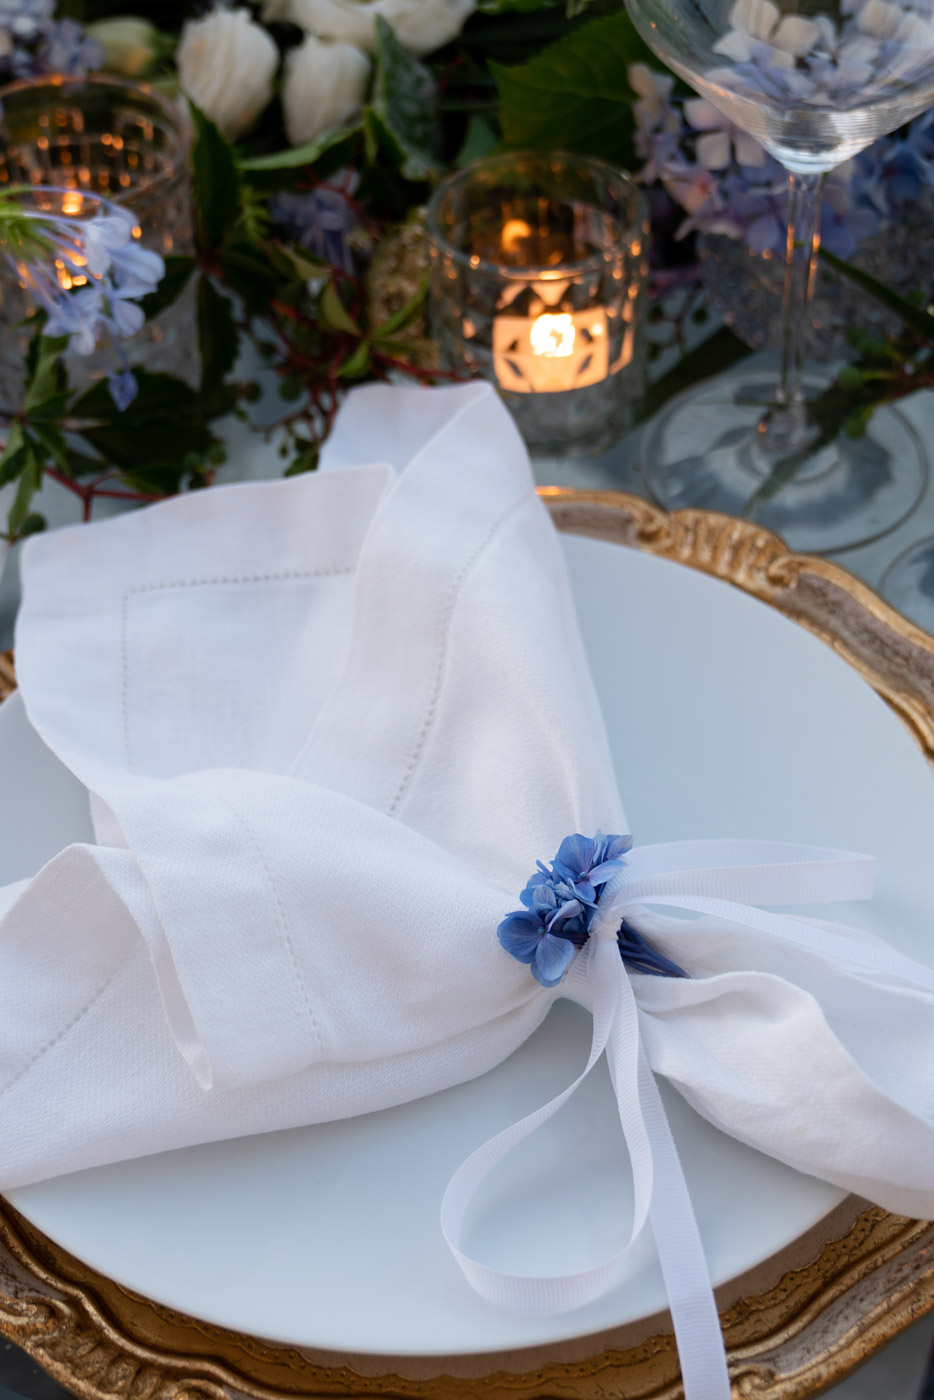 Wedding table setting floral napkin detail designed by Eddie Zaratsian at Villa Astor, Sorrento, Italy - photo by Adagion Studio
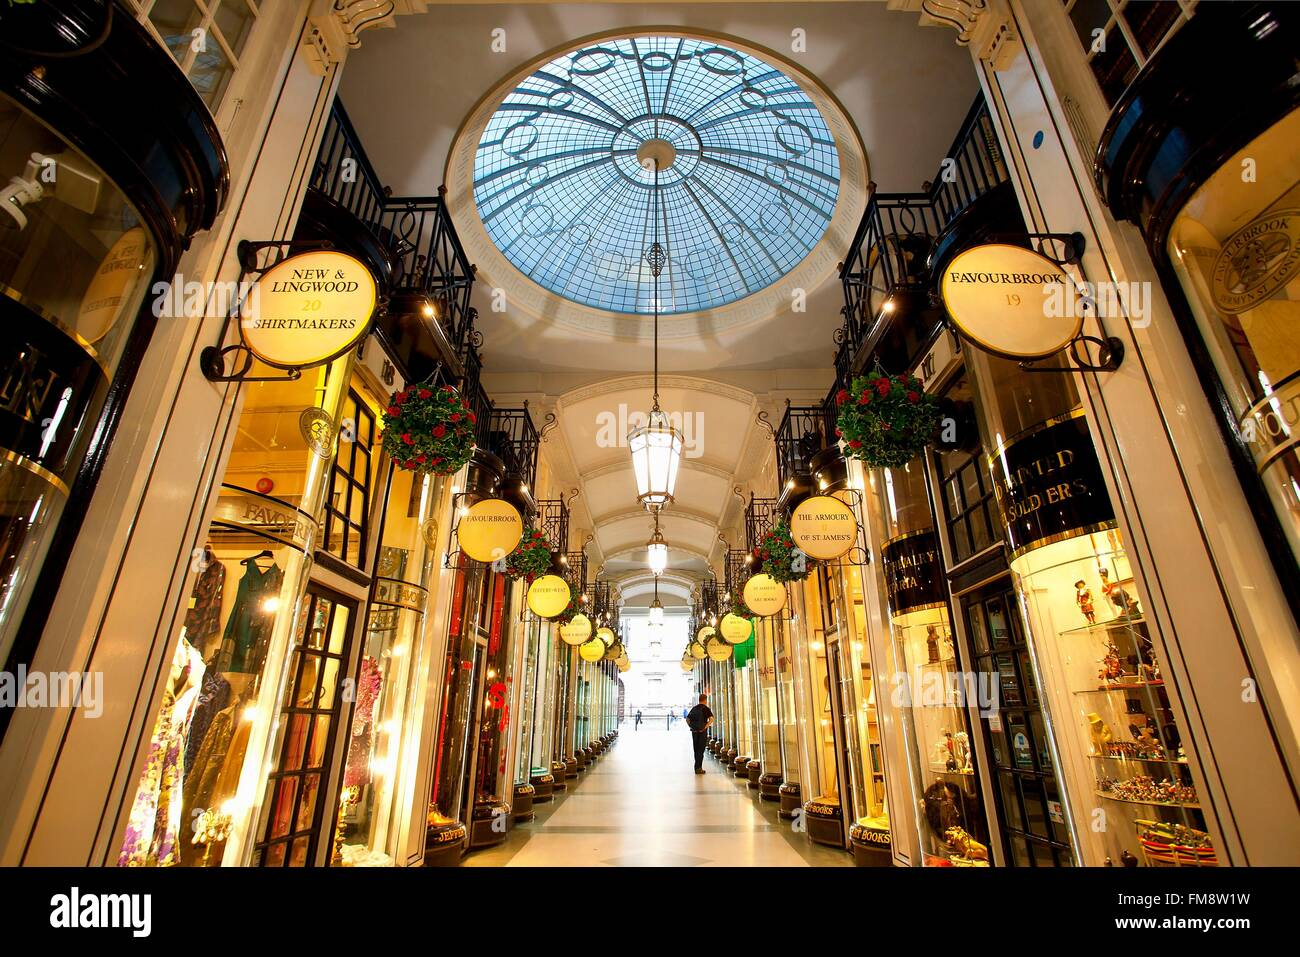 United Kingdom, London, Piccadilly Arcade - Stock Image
-------------------------
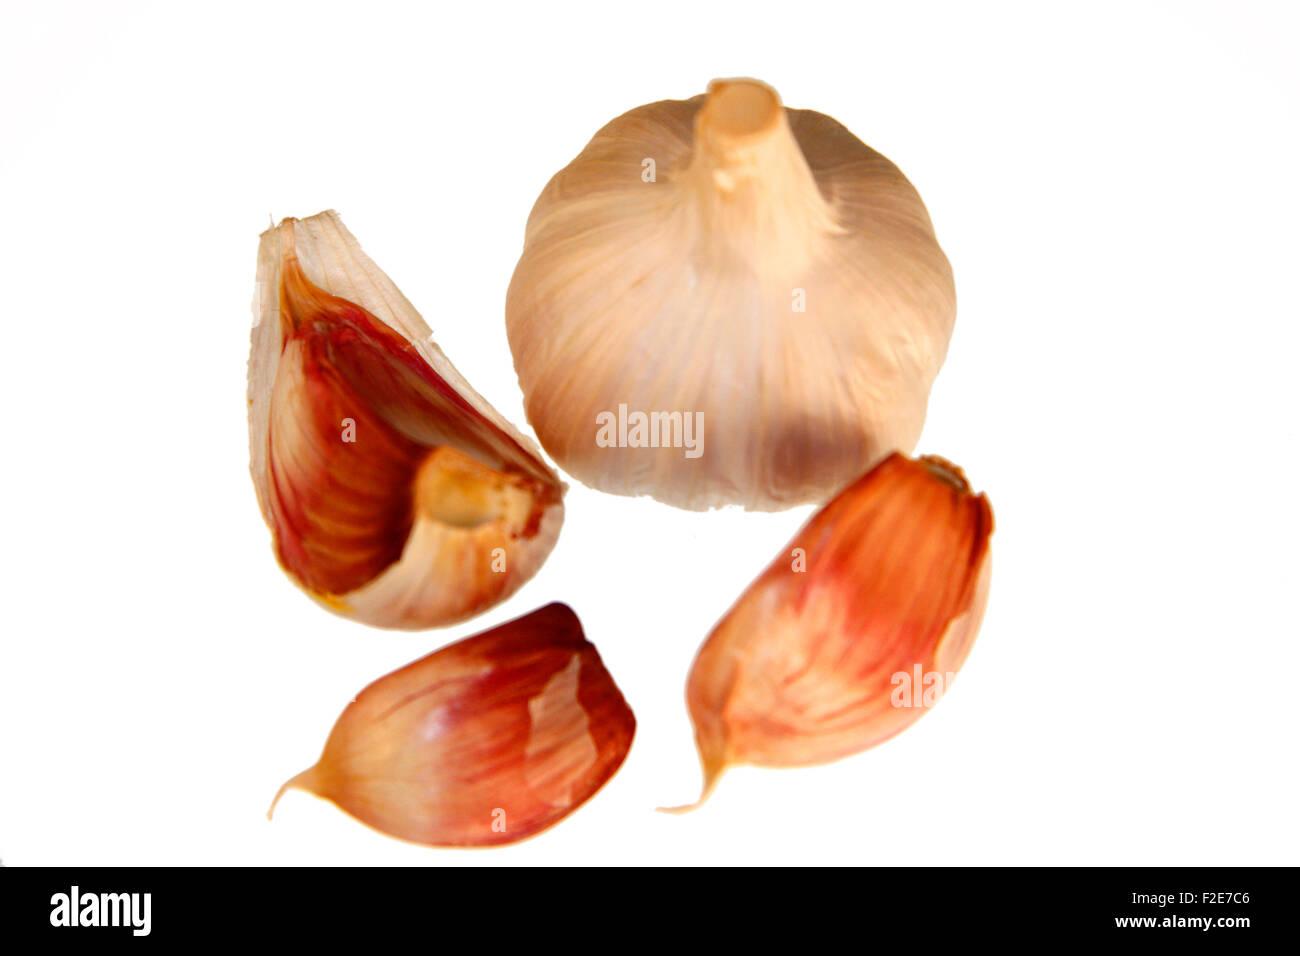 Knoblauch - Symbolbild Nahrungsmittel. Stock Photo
-------------------------
• Exercise aim: In the listing above, find the line with "Wedding table setting" and the line with "United Kingdom, London, Piccadilly". Copy exactly those two and every line between, without the pictures.

• Your solution:
 Wedding table setting floral napkin detail designed by Eddie Zaratsian at Villa Astor, Sorrento, Italy - photo by Adagion Studio
 United Kingdom, London, Piccadilly Arcade - Stock Image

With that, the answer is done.